According to established criteria for SSc, the boy presented several symptoms supporting a juvenile SSc (jSSc) diagnosis. He was treated with mofetil mycophenolate at a dose of 600 mg per square meter per day, resulting in a significant improvement in pulmonary function and finger joint range of motion at a follow-up six months later.

“The coexistence of [type 1 diabetes] with juvenile systemic sclerosis (jSSc) is anecdotal,” the researchers wrote. “Only three other case reports have described a similar association between [SSc] and [type 1 diabetes].”

According to the team, this case posed a “major diagnostic dilemma” in differentiating diabetic skin hardening with limited joint motion from skin changes associated with systemic sclerosis. Some specific SSc aspects, such as Raynaud’s phenomenon, finger tapering, positive autoantibodies, interstitial lung disease, and cardiac involvement, allowed them to distinguish the two conditions.
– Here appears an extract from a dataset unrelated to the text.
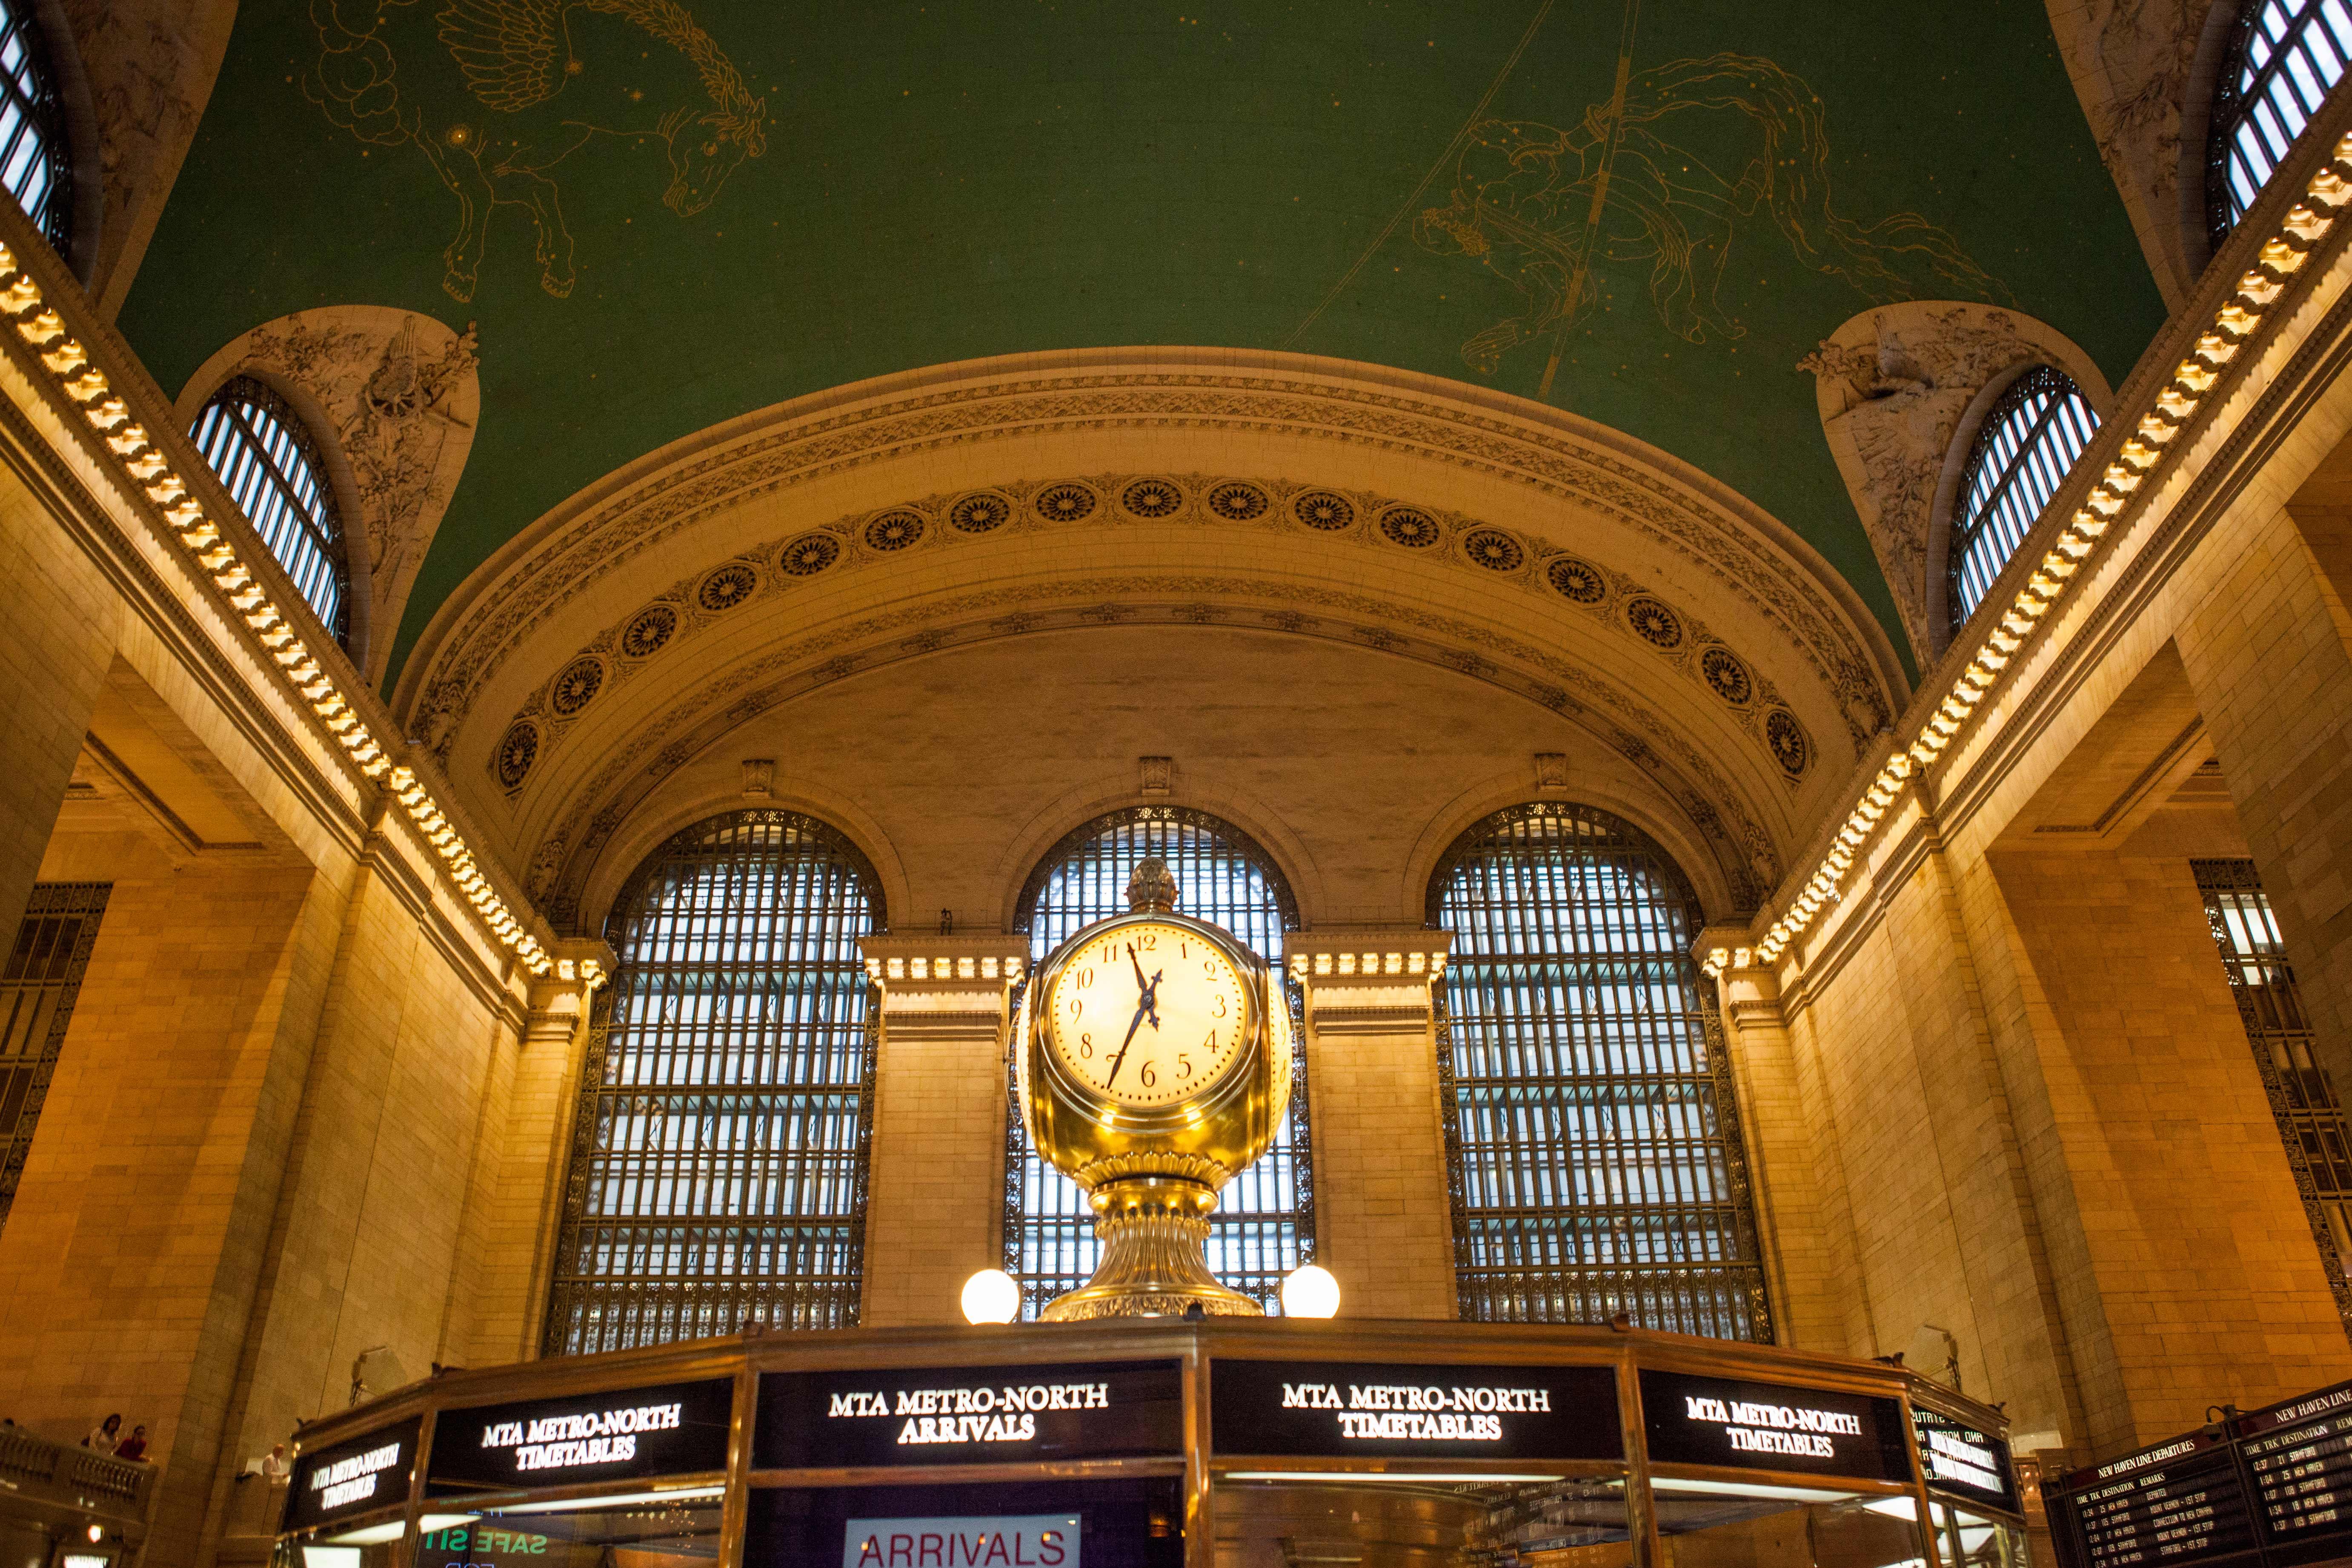 Grand Central Station, History, Clock, & Ceiling

“The test that most facilitated the differentiation of jSSc from a scleroderma-like syndrome was [nailfold] capillaroscopy, which showed an ‘active scleroderma pattern’ in our patient,” the researchers added.

A “plausible” hypothesis for the co-occurrence of type 1 diabetes and juvenile SSc could be mechanisms behind the microvascular changes common to both, they suggested, noting further research was necessary.

Findings in this case and the three others reported, the team concluded, could “help clarify the pathogenesis of SSc itself and may raise important implications for future treatment strategies … to downregulate fibrosis in jSSc.”